The site I revere more than any other on the internet is Wiktionary! It has a page (with accurate native pronunciations) for basically every word in most languages, 100% including Russian. Whenever in doubt, you can ALWAYS check there. 
You can start by googling the word you want plus wiktionary, for instance: 
рядом wiktionary 
and you'll get   https://en.wiktionary.org/wiki/рядом 
From here you can just replace рядом [or whatever part after /wiki/] with the next word you want to learn about. =) 
Though it can prove very complex and difficult, the most direct and foolproof way to learn pronunciation is to go the "Wikipedia - Russian Phonology" page, and spend a whole lot of time absorbing and reading and rereading. 
And as always, I recommend all of this channels videos: https://www.youtube.com/user/russian...t=da&flow=list

----------


## Slowhand

Thank you so much for your generous reply xXHoax.  I visited all the sites you gave me.
Wiki was easy, and great to hear native human voices  saying the words.
I will have to spend more time on the http://ru.forvo.com/languages/ru/ site, just to learn how to use it.
I did a quick preview of the youtube videos, they look great too.  So it's forvo, I have to master.
Thanks again for your post.  ::

----------


## Serge_spb

1.jpg 
Slowhand you can listen to any word you type into Google.Translate. There is also some sort of transcription at the bottom ("spokoynoy") or you should learn how to use vocabulary ones  [спа`коиной]... 
I use it all the time for swedish, for example, and don`t need any additional sources. 
How your Ukrainian girl is doing?  ::

----------


## Slowhand

> 1.jpg 
> Slowhand you can listen to any word you type into Google.Translate.

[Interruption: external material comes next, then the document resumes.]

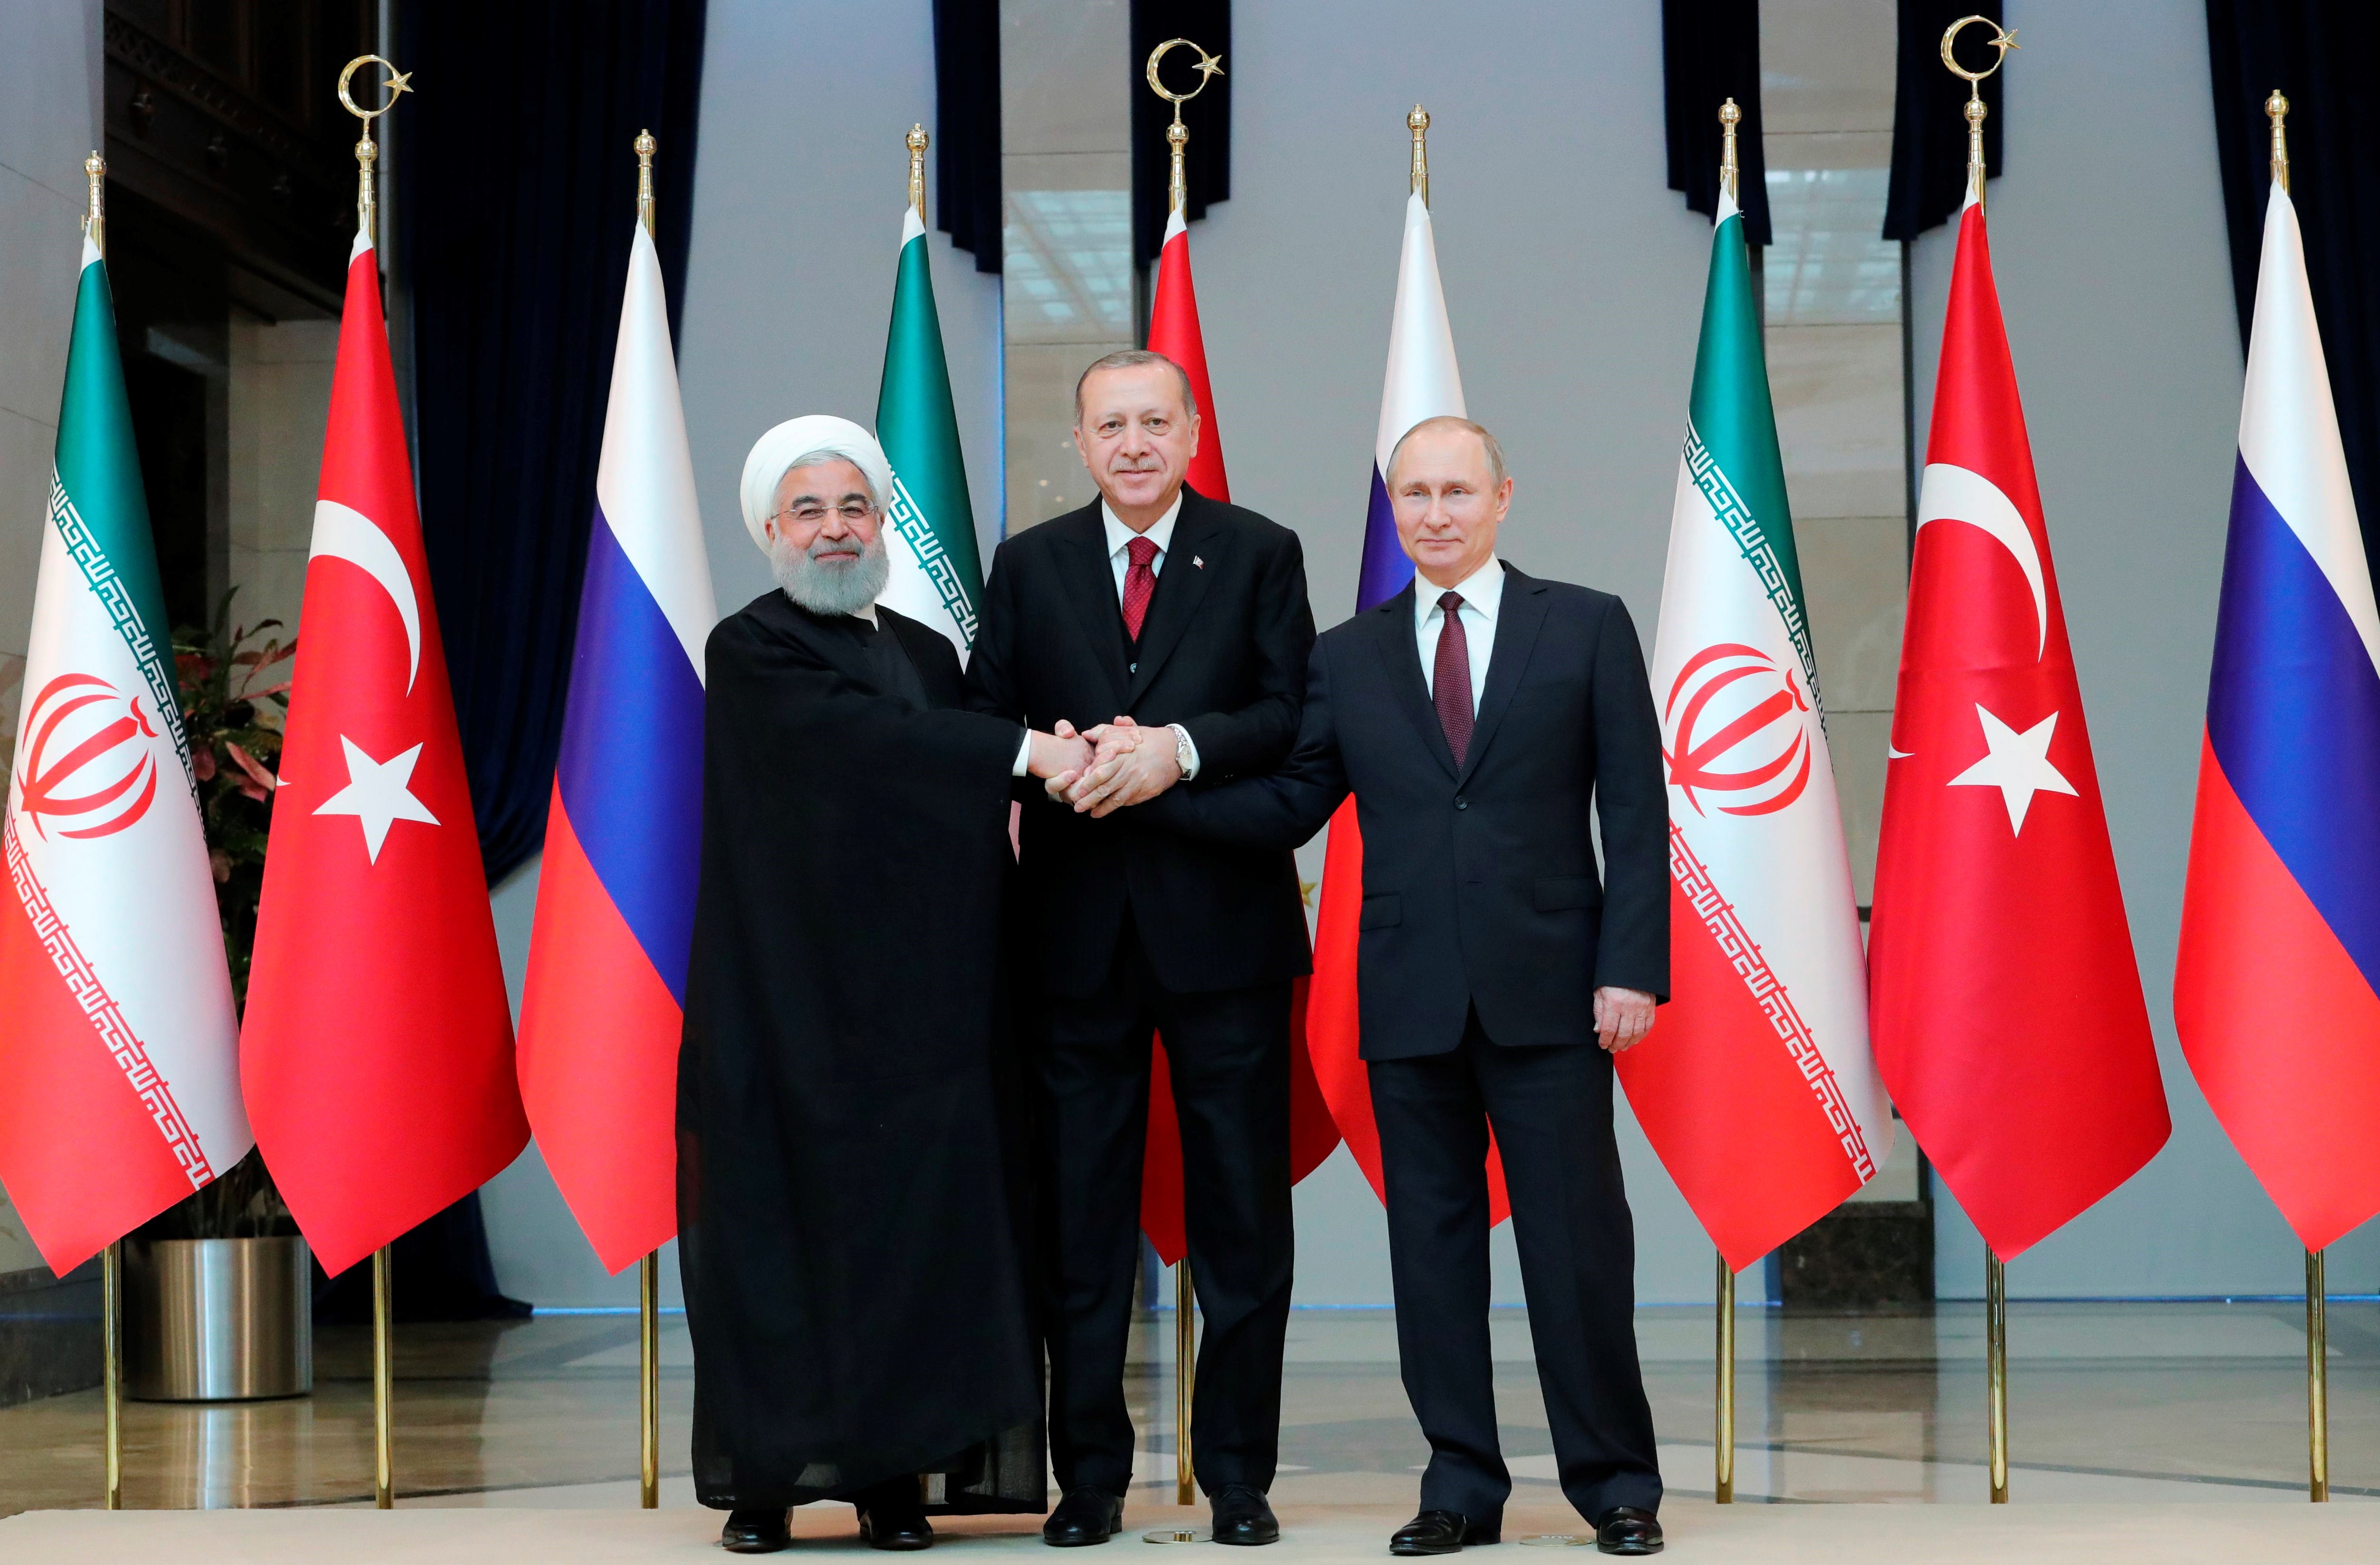 Turkish President Recep Tayyip Erdogan (C), Russian President Vladimir Putin (R) and Iranian President Hassan Rouhani (L) join hands as they pose for a family photo during their meeting at the Presidential Palace in Ankara, Turkey, Apr. 4,l 2018. EPA-EFE/MIKHAIL KLIMENTYEV/SPUTNIK/KREMLIN / POOL

There is also some sort of transcription at the bottom ("spokoynoy") or you should learn how to use vocabulary ones  [спа`коиной]... 
> I use it all the time for swedish, for example, and don`t need any additional sources. 
> How your Ukrainian girl is doing?

 Thanks Serge, she's doing well.  She drives me crazy most of the time, she's a fireball.)))
Well it's a long long distance relationship.  We do the best we can, difficult sometimes, but I love her.  ::   ::   ::  ::

----------


## johngalt

Thanks for this info, every little thing help.  

> Hello! Congratulations on deciding to learn the amazing Russian language! 
> Before I give some general advice on the topic, I'll do my best to actually answer your question: http://ru.forvo.com/languages/ru/ 
> This site has pronunciations for all sorts of words and phrases ~spoken aloud by natives~. It is in Russian. You can try copy pasting words into <искать слово>, at the top right. 
> Now I must say, I highly recommend against Google translate on many levels, most of all against its pronunciations. All of google translate is computer generated with imperfect algorithms, and then natives scan it for mistakes. The pronunciations themselves are very very poor.
> It is very good that you are making sure to get pronunciations down for words. Pronunciation in languages can be a really hard part to learn. 
> The site I revere more than any other on the internet is Wiktionary! It has a page (with accurate native pronunciations) for basically every word in most languages, 100% including Russian. Whenever in doubt, you can ALWAYS check there. 
> You can start by googling the word you want plus wiktionary, for instance: 
> рядом wiktionary 
> and you'll get   https://en.wiktionary.org/wiki/рядом 
> ...

----------